■ Records:

/---

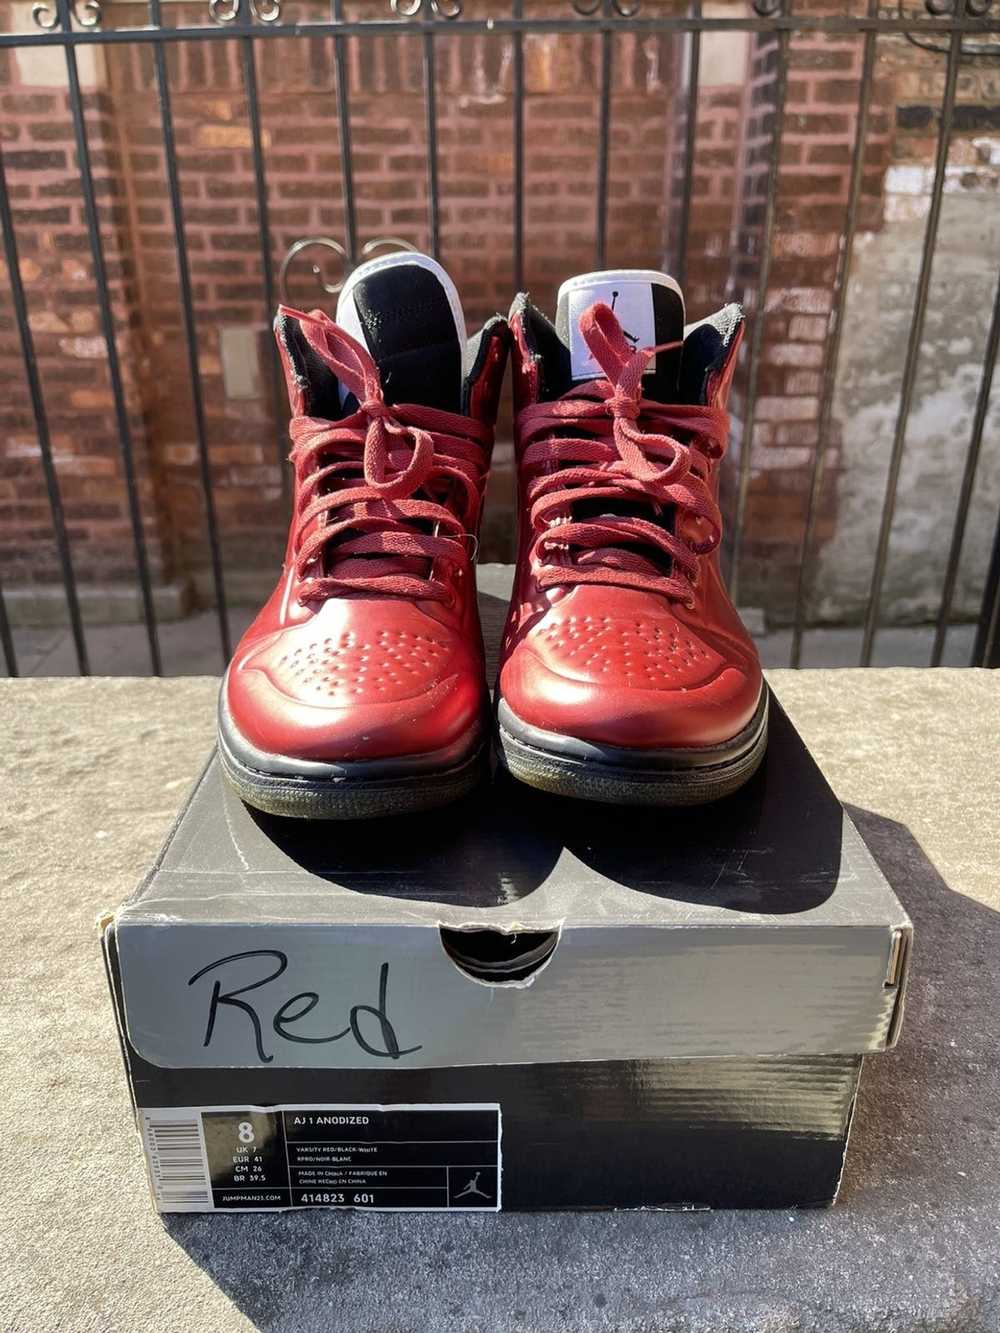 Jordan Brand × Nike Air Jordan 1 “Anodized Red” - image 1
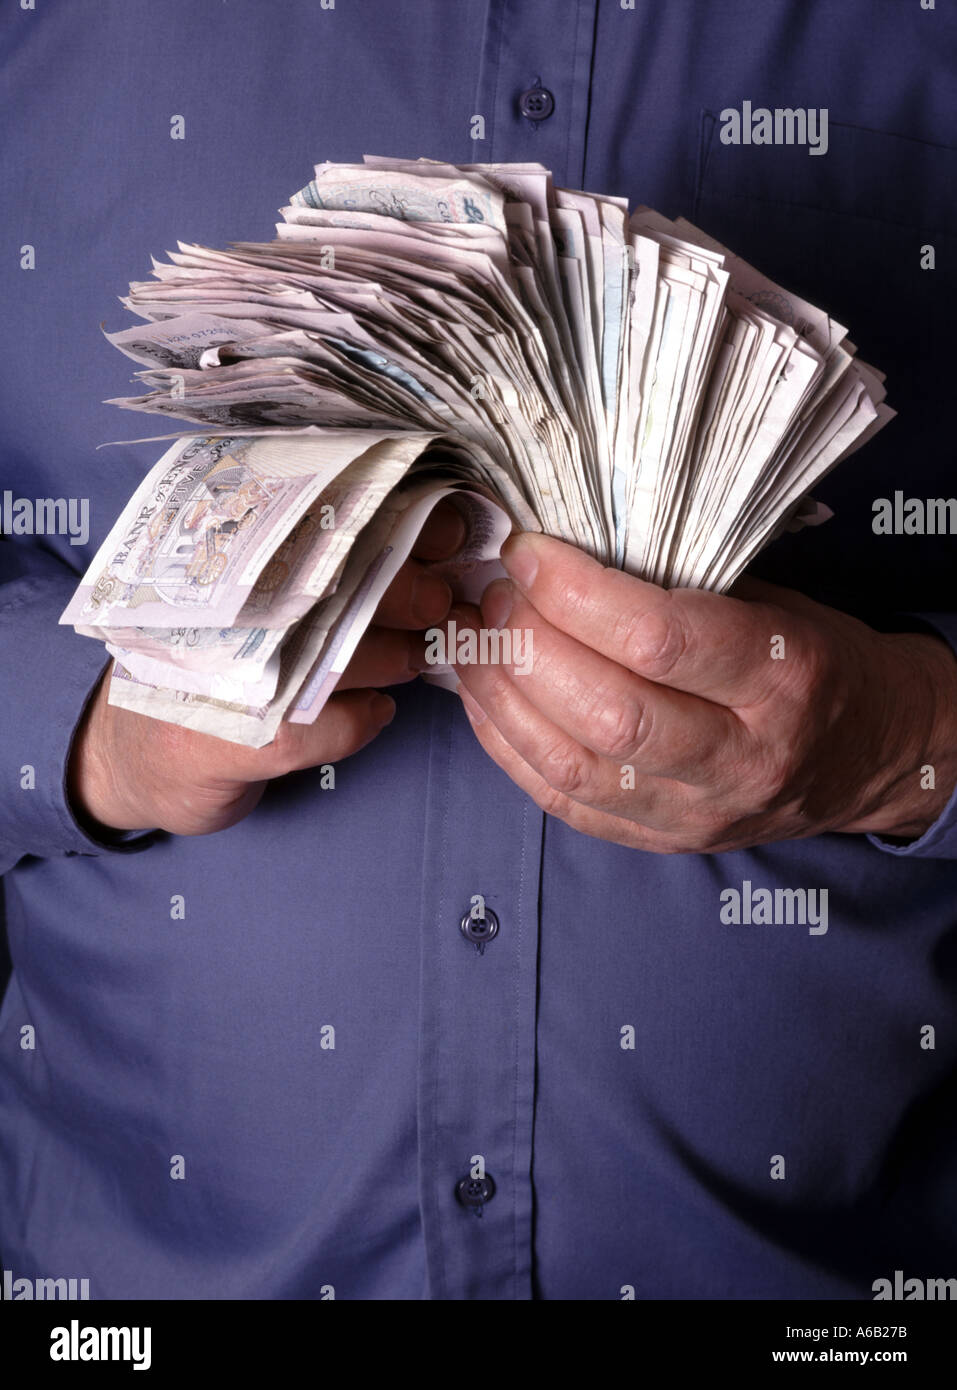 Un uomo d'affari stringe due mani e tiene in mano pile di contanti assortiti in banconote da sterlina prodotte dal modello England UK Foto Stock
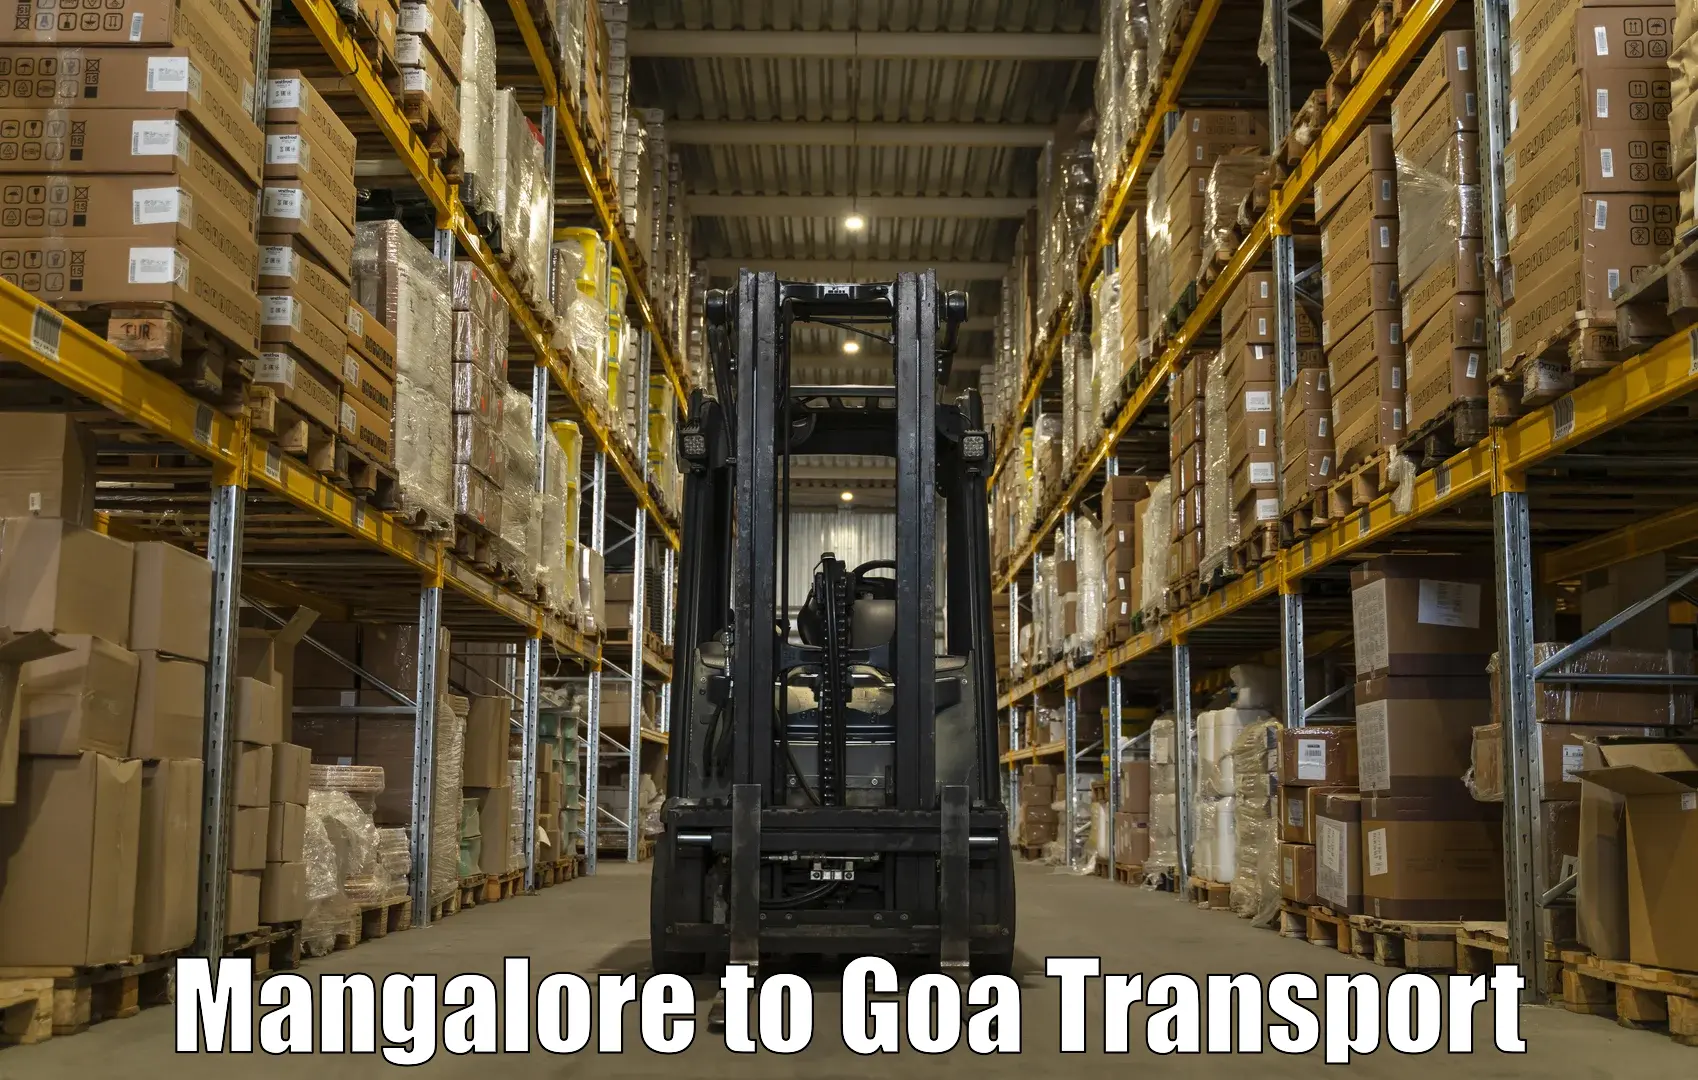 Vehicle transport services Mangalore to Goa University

\---
/---

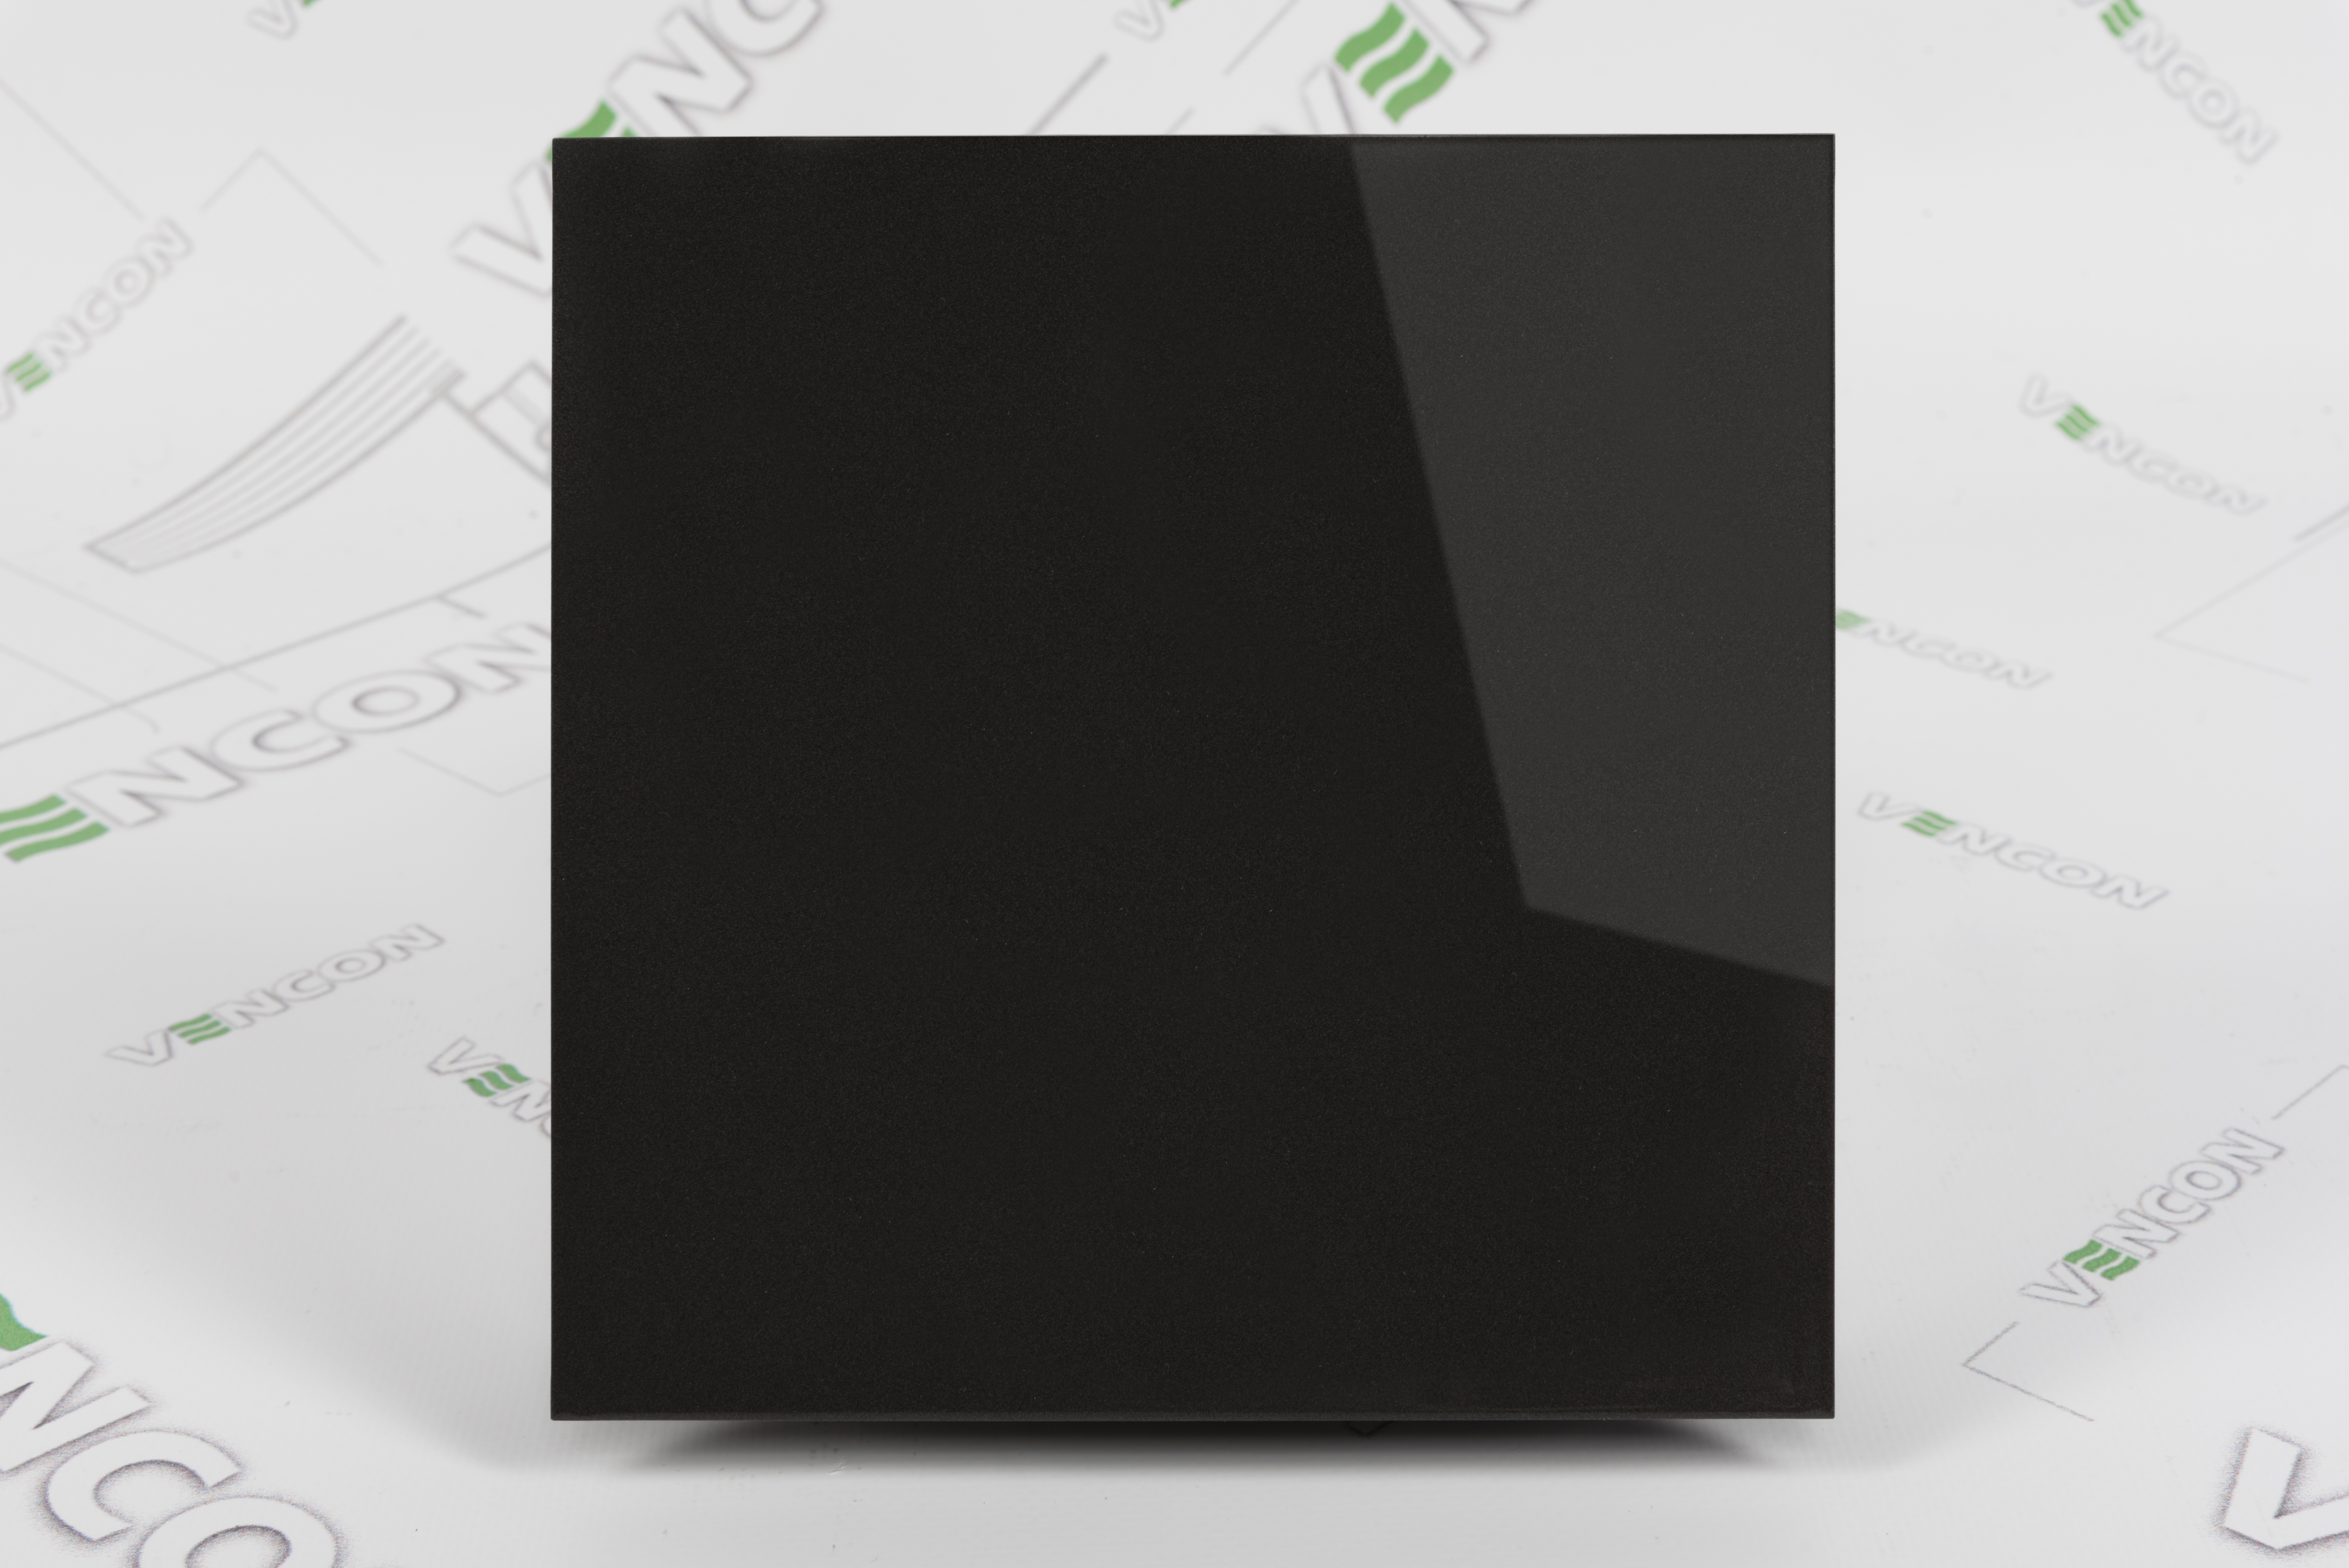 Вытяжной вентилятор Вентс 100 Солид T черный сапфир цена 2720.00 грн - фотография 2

\---

■ What you will do:
All pictures are to be skipped. Output, word for word, the lines in the data above starting at the line containing "Jordan Brand ×" and ending at the line containing "Vehicle transport services".

■ Answer space:
 Jordan Brand × Nike Air Jordan 1 “Anodized Red” - image 1
 Un uomo d'affari stringe due mani e tiene in mano pile di contanti assortiti in banconote da sterlina prodotte dal modello England UK Foto Stock
 Vehicle transport services Mangalore to Goa University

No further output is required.